0 is special in C++. A null pointer has the value of 0 so C++ will allow the conversion of 0 to a pointer type. That means when you call

a.f(0);

You could be calling void f(int i = 0) const with an int with the value of 0, or you could call void f(const std::string&) with a char* initialized to null.

Normally the int version would be better since it is an exact match but in this case the int version is const, so it requires "converting" a to a const CppSyntaxA, where the std::string version does not require such a conversion but does require a conversion to char* and then to std::string. This is considered enough of a change in both cases to be considered an equal conversion and thus ambiguous. Making both functions const or non const will fix the issue and the int overload will be chosen since it is better.

Clamworm answered 18/7, 2019 at 20:7 Comment(10)

@FrançoisAndrieux I think f(int) is const and a is a non-const variable. So there is a cast from non-const to const. – Epoxy 18/7, 2019 at 20:14

@NeilButterworth fixed. – Clamworm 18/7, 2019 at 20:16

@Clamworm Never noticed that const. Good observation and excellent answer. Edit : I guess I missed the part of the question that mentions it, must have skipped straight to the code... – Longspur 18/7, 2019 at 20:18

For reference, the rules for determining the best overload can be found here but I personally find them extremely hard to navigate. Edit : It seems that as far as the constness of the function goes, member functions ares treated as if they had an additional implicit this argument. So non-const to const counting as an implicit conversion makes sense. – Longspur 18/7, 2019 at 20:20

@FrançoisAndrieux Don't worry, compiler implementers do as well ;) – Clamworm 18/7, 2019 at 20:21

"A null pointer has the value of 0" - Well, not quite. nullptr is its own distinct type (std::nullptr_t) (which can sometimes be important). It's convertible to 0, but that's not the same thing as being 0. The NULL macro just shouldn't be used. You already know this.. – Honora 18/7, 2019 at 20:30

@JesperJuhl A null pointer, and nullptr are different things. A null pointer is an integer with the value of 0 along with also being a prvalue of nullptr_t. – Clamworm 18/7, 2019 at 20:32

@Clamworm I bow to the standards quote. 🙂 You are technically correct - the best kind of correct. – Honora 18/7, 2019 at 20:34

The most infuriating part of this overload issue is that it's UB to call the constructor of std::string with a null pointer :/ – Multifarious 19/7, 2019 at 7:17

A null pointer has the value 0? That's a new one. It's implementation-defined what value it has, though as literal 0 can be implicitly converted to any null pointer type, it therefore will compare equal. (intptr_t)(void*)0 == 0 is not guaranteed, though holds on (most?) modern platforms. @JesperJuhl Seems you got off-track with nullptr. – Argilliferous 19/7, 2019 at 8:6

My question is why compiler only complained about it when the parameter was 0.

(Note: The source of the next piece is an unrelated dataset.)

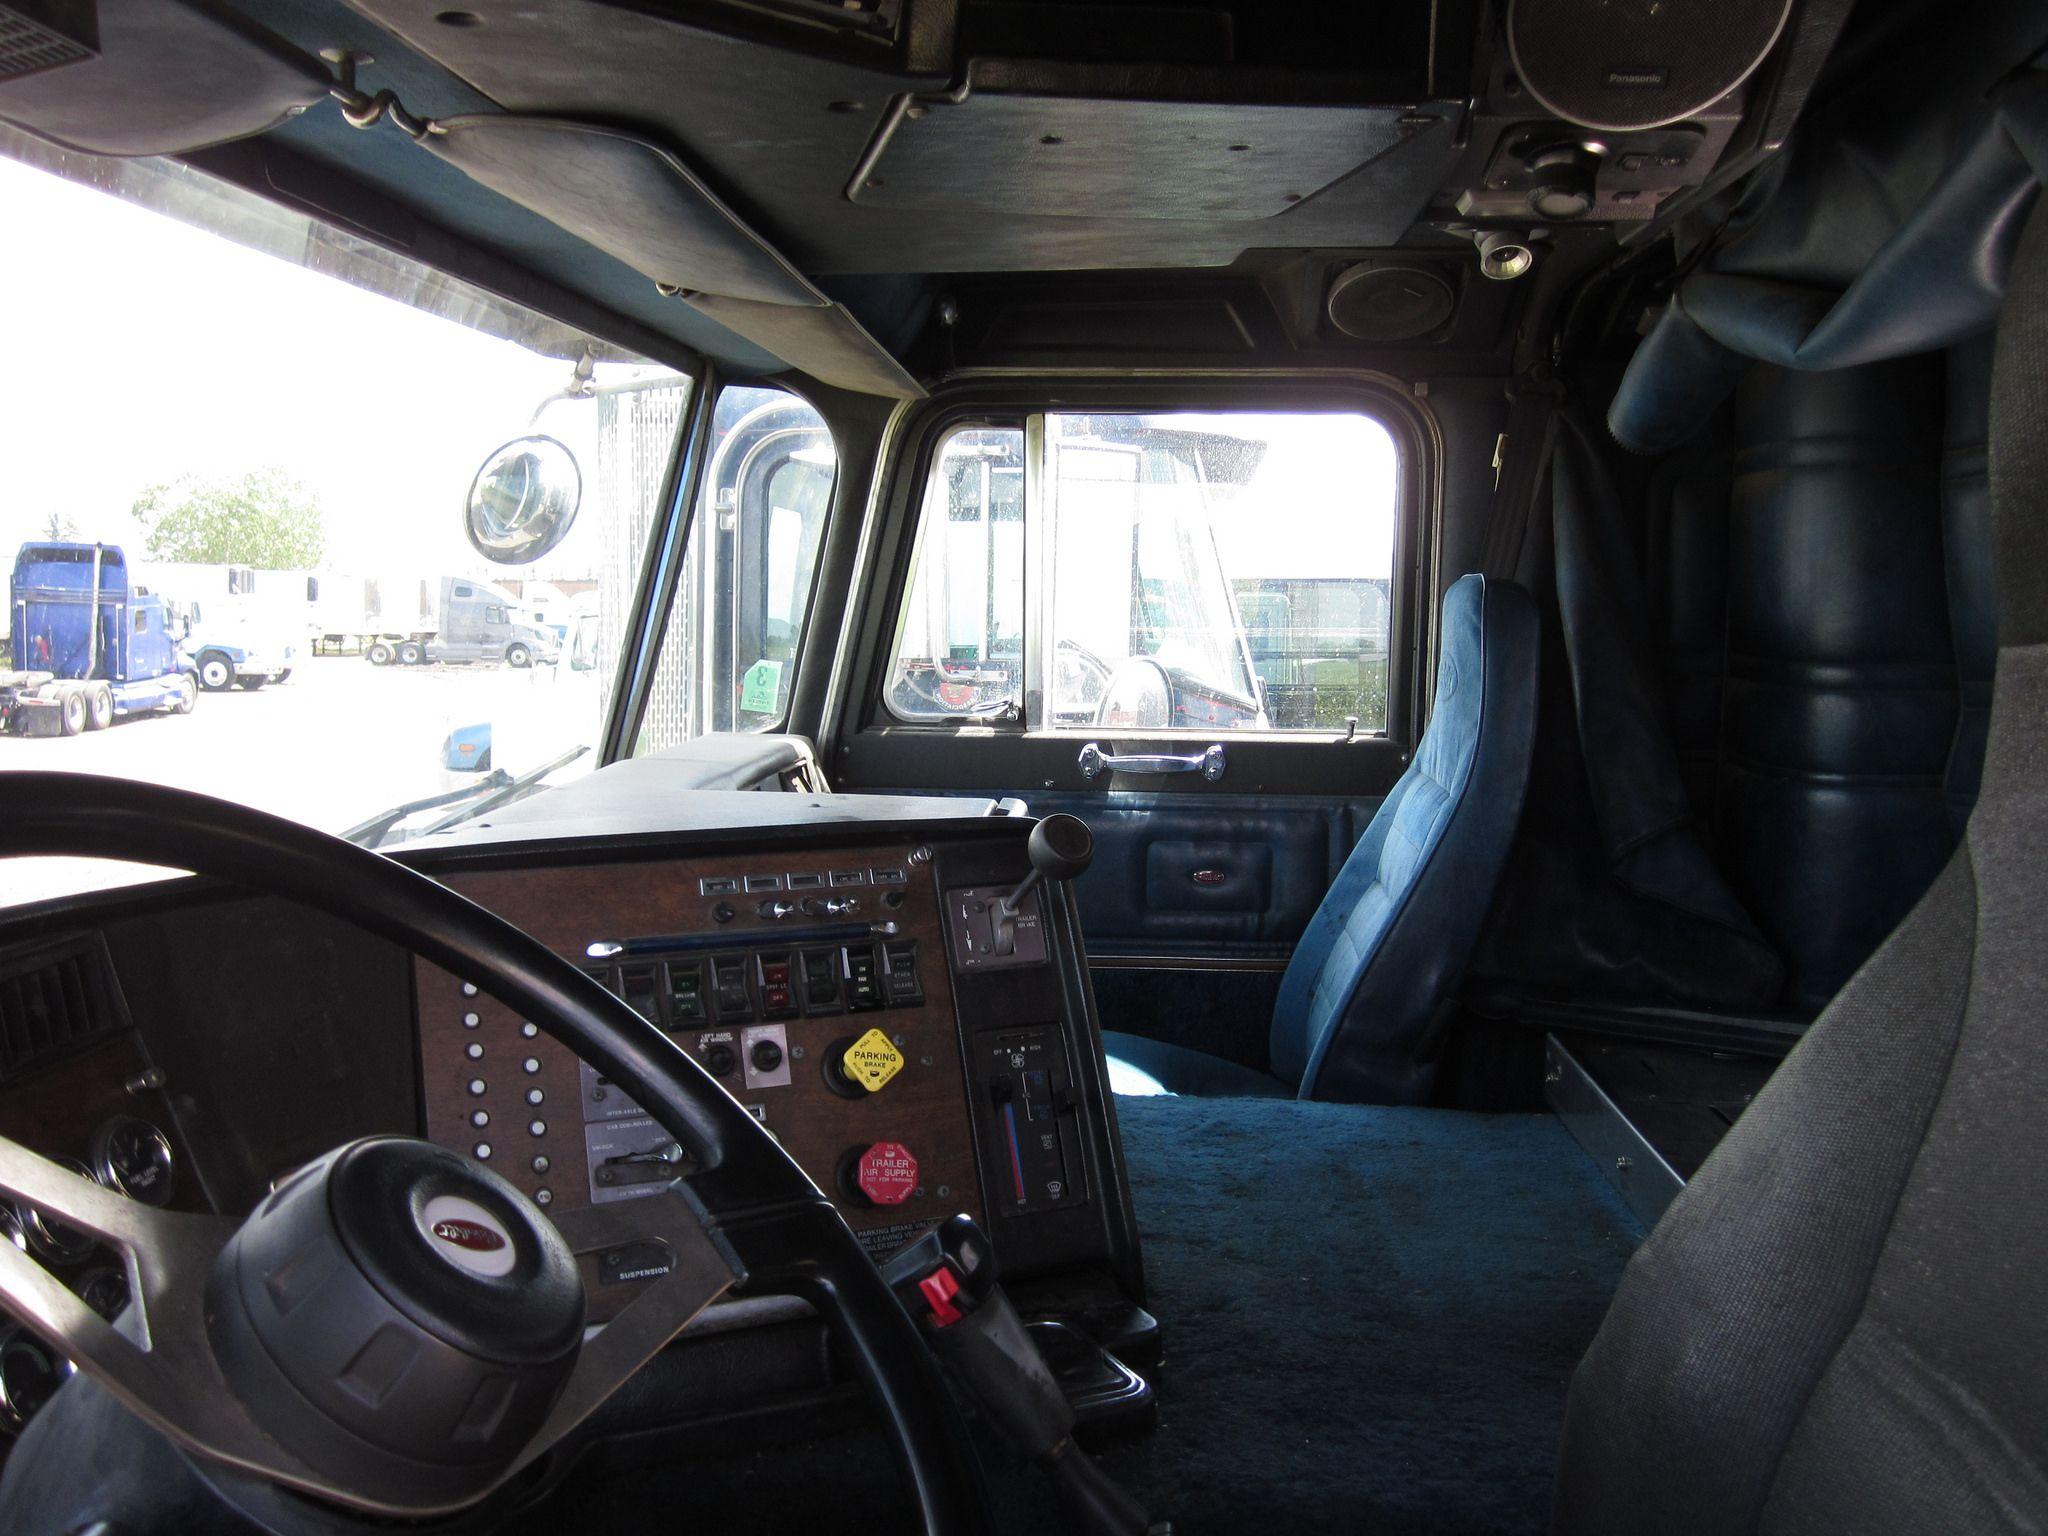 Peterbilt 362 interior

Because 0 is not only an integer literal, but it is also a null pointer literal. 1 is not a null pointer literal, so there is no ambiguity.

The ambiguity arises from the implicit converting constructor of std::string that accepts a pointer to a character as an argument.

Now, the identity conversion from int to int would otherwise be preferred to the conversion from pointer to string, but there is another argument that involves a conversion: The implicit object argument. In one case, the conversion is from CppSyntaxA& to CppSyntaxA& while in other case it is CppSyntaxA& to const CppSyntaxA&.

So, one overload is preferred because of one argument, and the other overload is preferred because of another argument and thus there is no unambiguously preferred overload.

The issue will be fixed by making both functions const.

If both overloads are const qualified, then the implicit object argument conversion sequence is identical, and thus one of the overloads is unambiguously preferred.

Rodie answered 18/7, 2019 at 20:12 Comment(0)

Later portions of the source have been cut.